The Pitch: Grizzled, aged truffle hunter Robin (Nicolas Cage) lives a simple life in the wilds of Oregon: he exists in solitude, with no electricity, no showers, and no ambition outside of his prized truffle pig, with whom he hunts and sells the prized fungi to well-dressed Portland restaurant suppliers for a hefty price. But when his porcine pal is heartlessly stolen from him one day, he solicits the help of his snooty young buyer Amir (Alex Wolff) to take him to Portland and track the pignapper’s whereabouts.

By Clint Worthington

You Have No Value. You Don’t Even Exist Anymore: The above logline, along with Cage’s casting (and producing), sounds at first glance like some kind of shitty, low-rent Taken riff, a warmed-over DTV actioner destined to fill Redboxes ’till time immemorial.
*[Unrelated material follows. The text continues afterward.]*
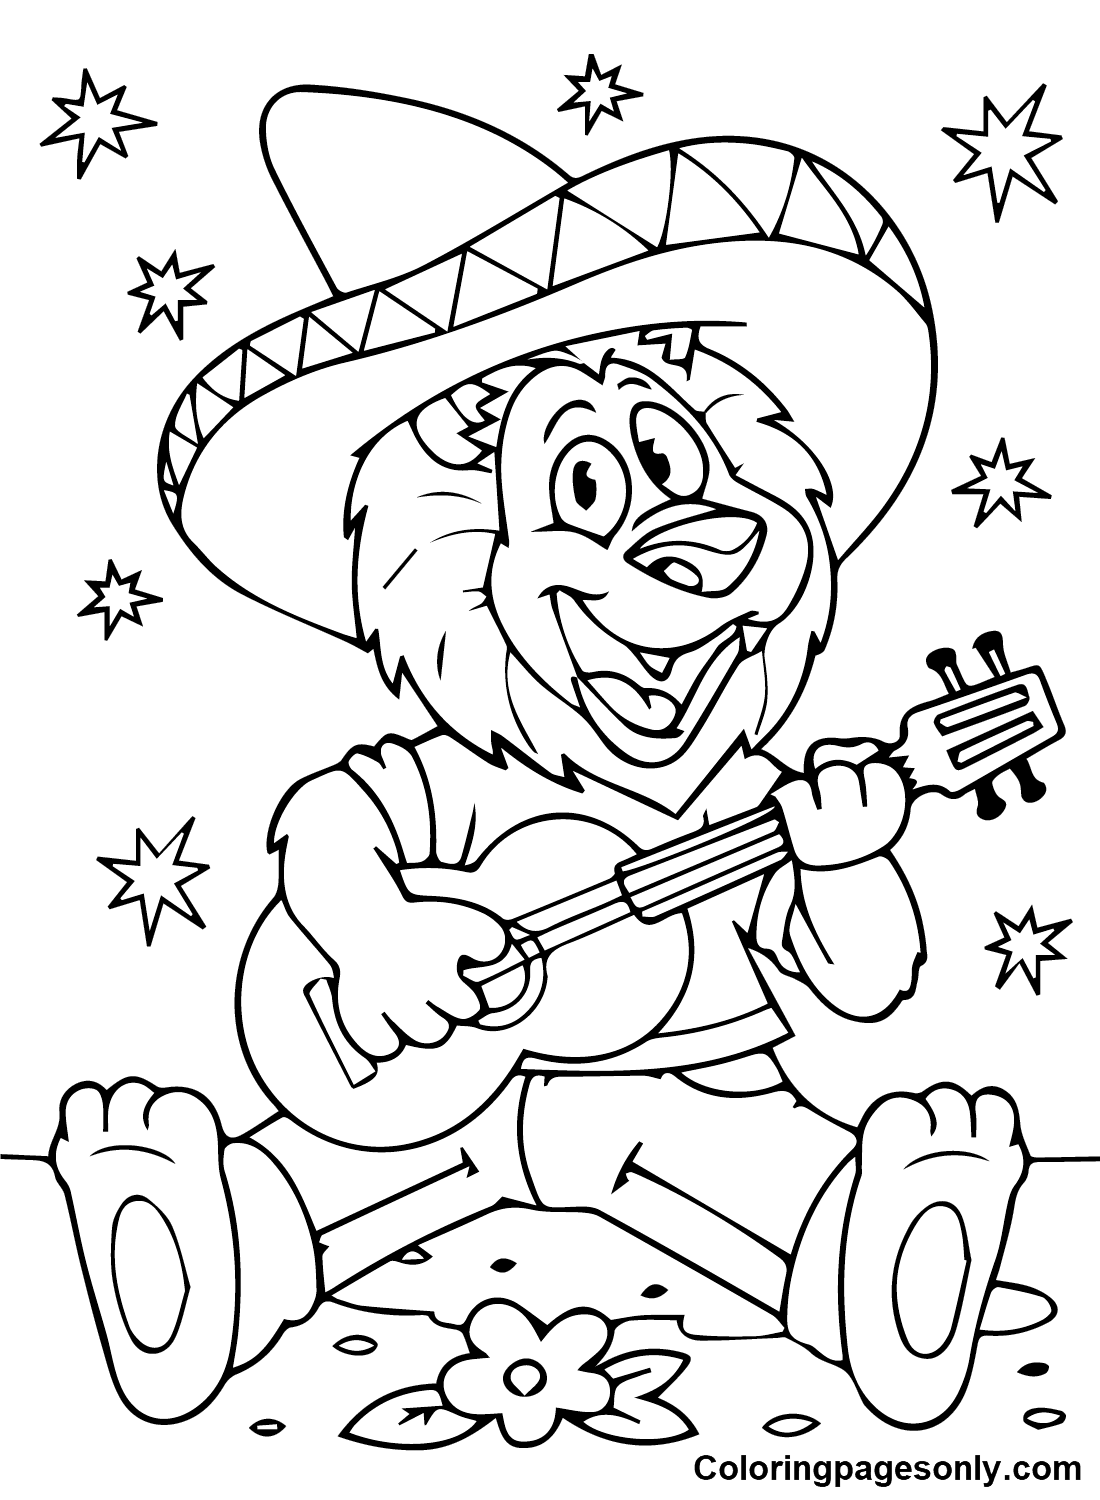 Lion with Guitar Coloring Page

And for those who want to trust that Pig is, as I’ll explain, one of the best movies of the past few years (and maybe Cage’s career in the last few decades), without further explanation, I’ll ask that you stop reading this review and go in as cold as possible. But believe me when I say that Pig absolutely took me by surprise, and — if your heart is open, and your palate refined enough — it will for you, too.

The baby of writer/director Michael Sarnoski (making his feature directorial debut after the short-lived TV series Fight Night Legacy and Olympia), Pig soaks you in the same kind of moodily-lit culinary lyricism as Kelly Reichardt’s First Cow. He splits each of the film’s expertly-paced ninety minutes into three parts, but they may as well be courses: each “part” is prefaced by text indicating the food that we’ll be seeing (Mom’s French Toast, Wild Mushroom Tart).